■ Exercise instructions:
Every line in the data below has to be repeated exactly; no picture belongs in the result.

____ Input data

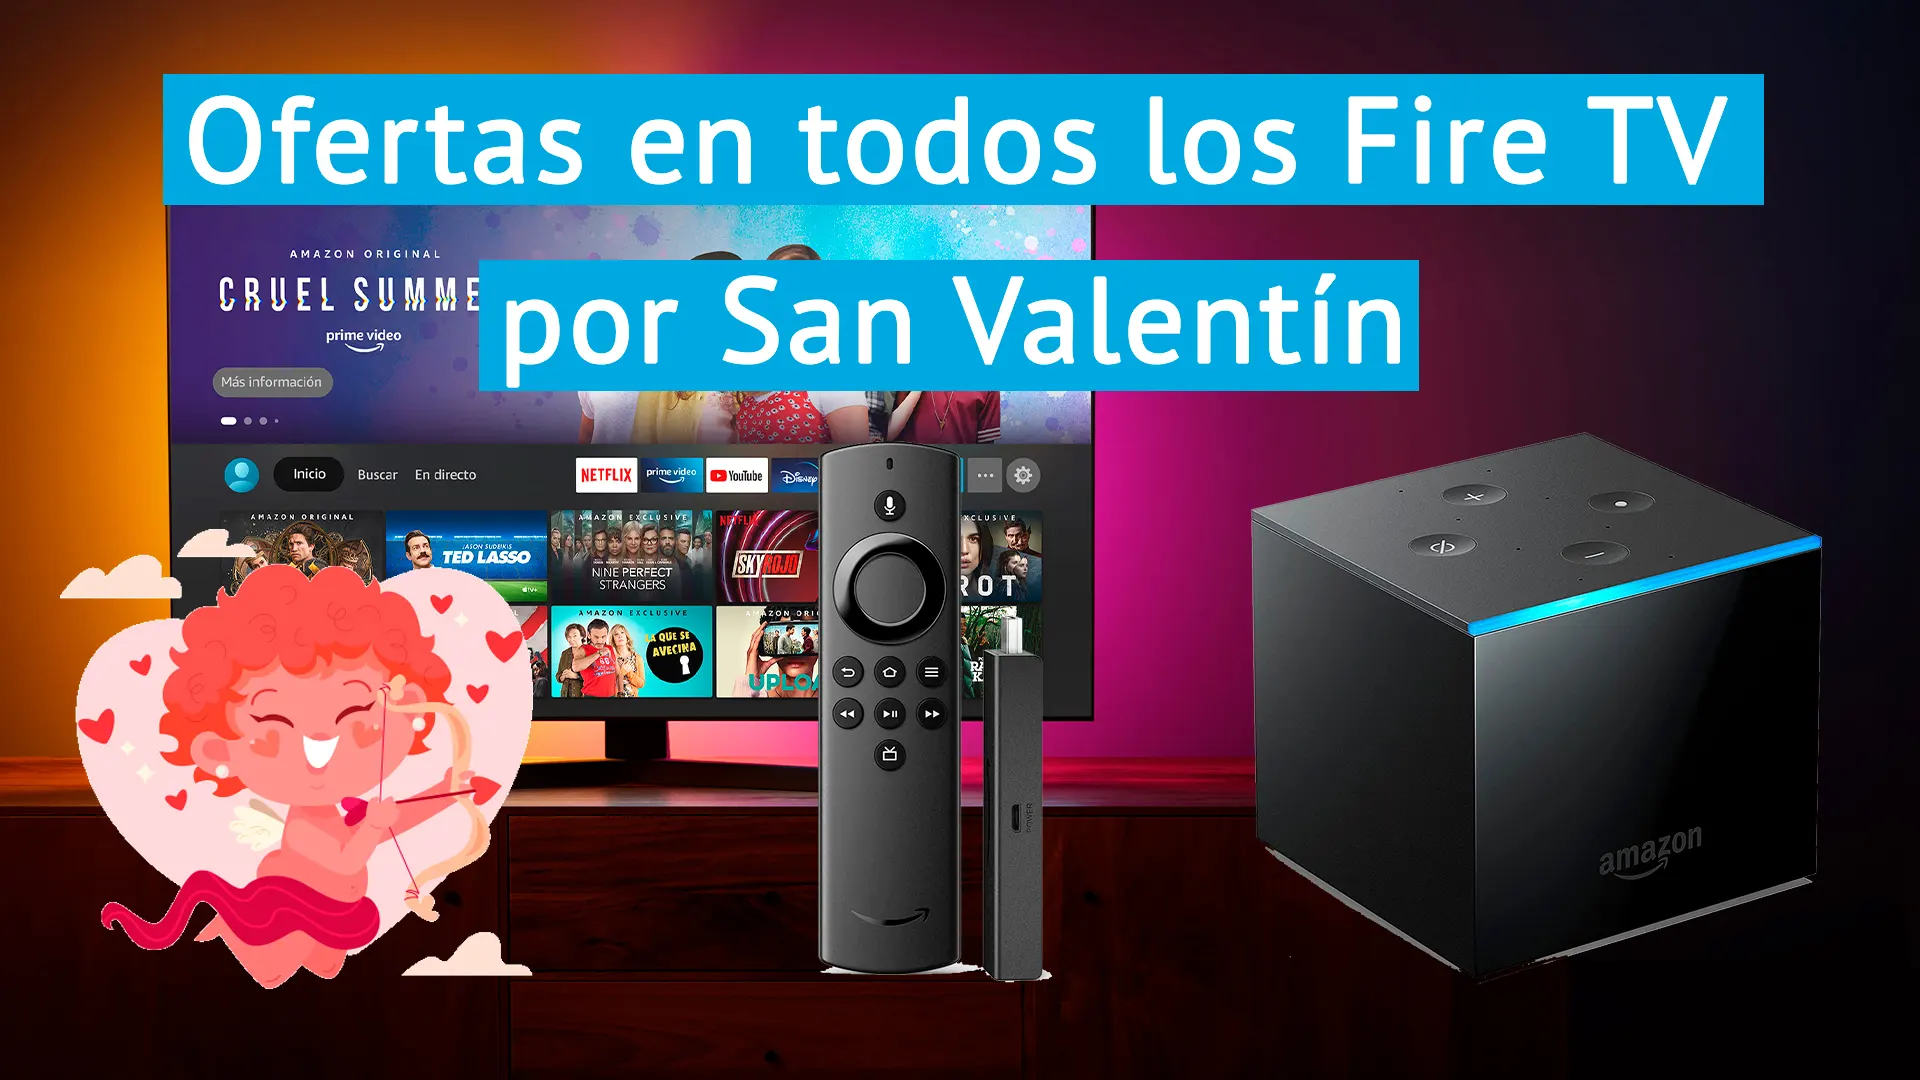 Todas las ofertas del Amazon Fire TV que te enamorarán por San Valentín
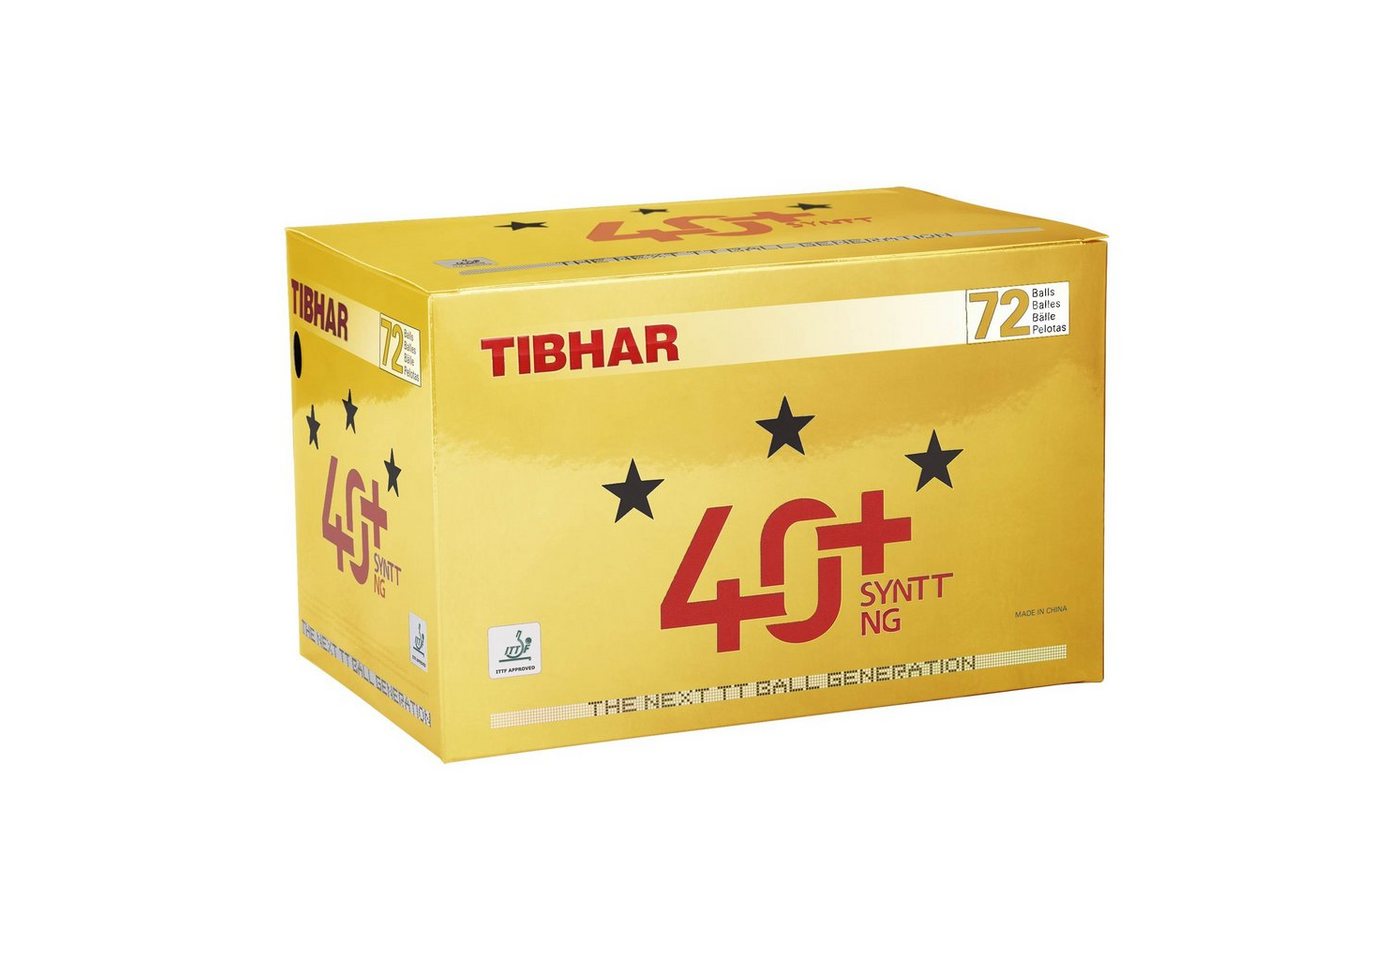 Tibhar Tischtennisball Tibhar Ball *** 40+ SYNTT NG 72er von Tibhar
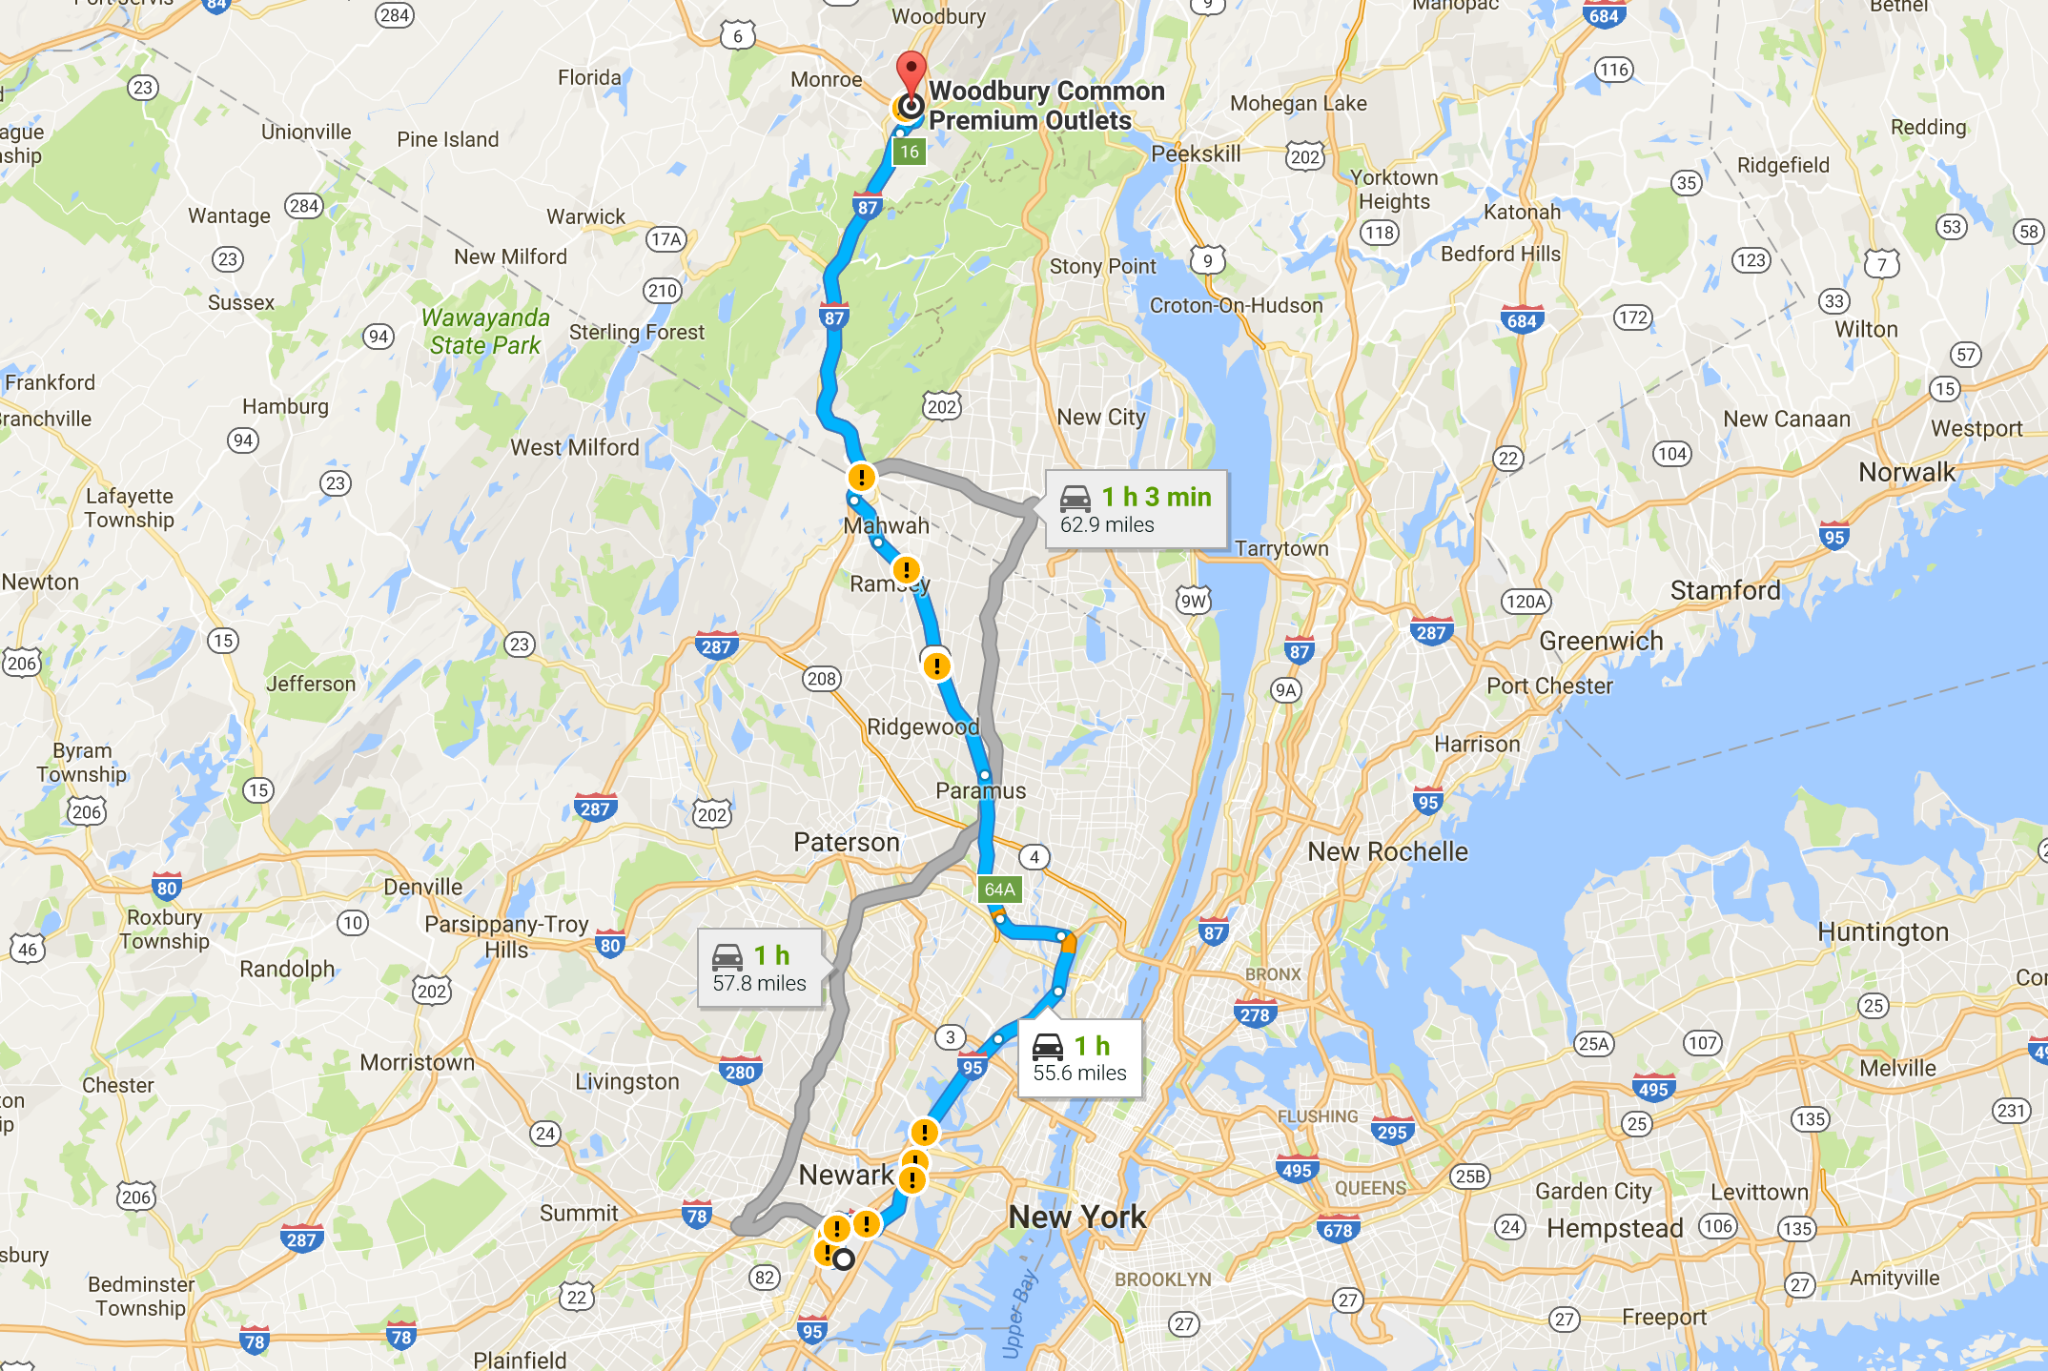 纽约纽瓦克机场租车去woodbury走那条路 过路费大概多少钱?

________

■ Answer section:
 Todas las ofertas del Amazon Fire TV que te enamorarán por San Valentín
 Tibhar Tischtennisball Tibhar Ball *** 40+ SYNTT NG 72er von Tibhar
 纽约纽瓦克机场租车去woodbury走那条路 过路费大概多少钱?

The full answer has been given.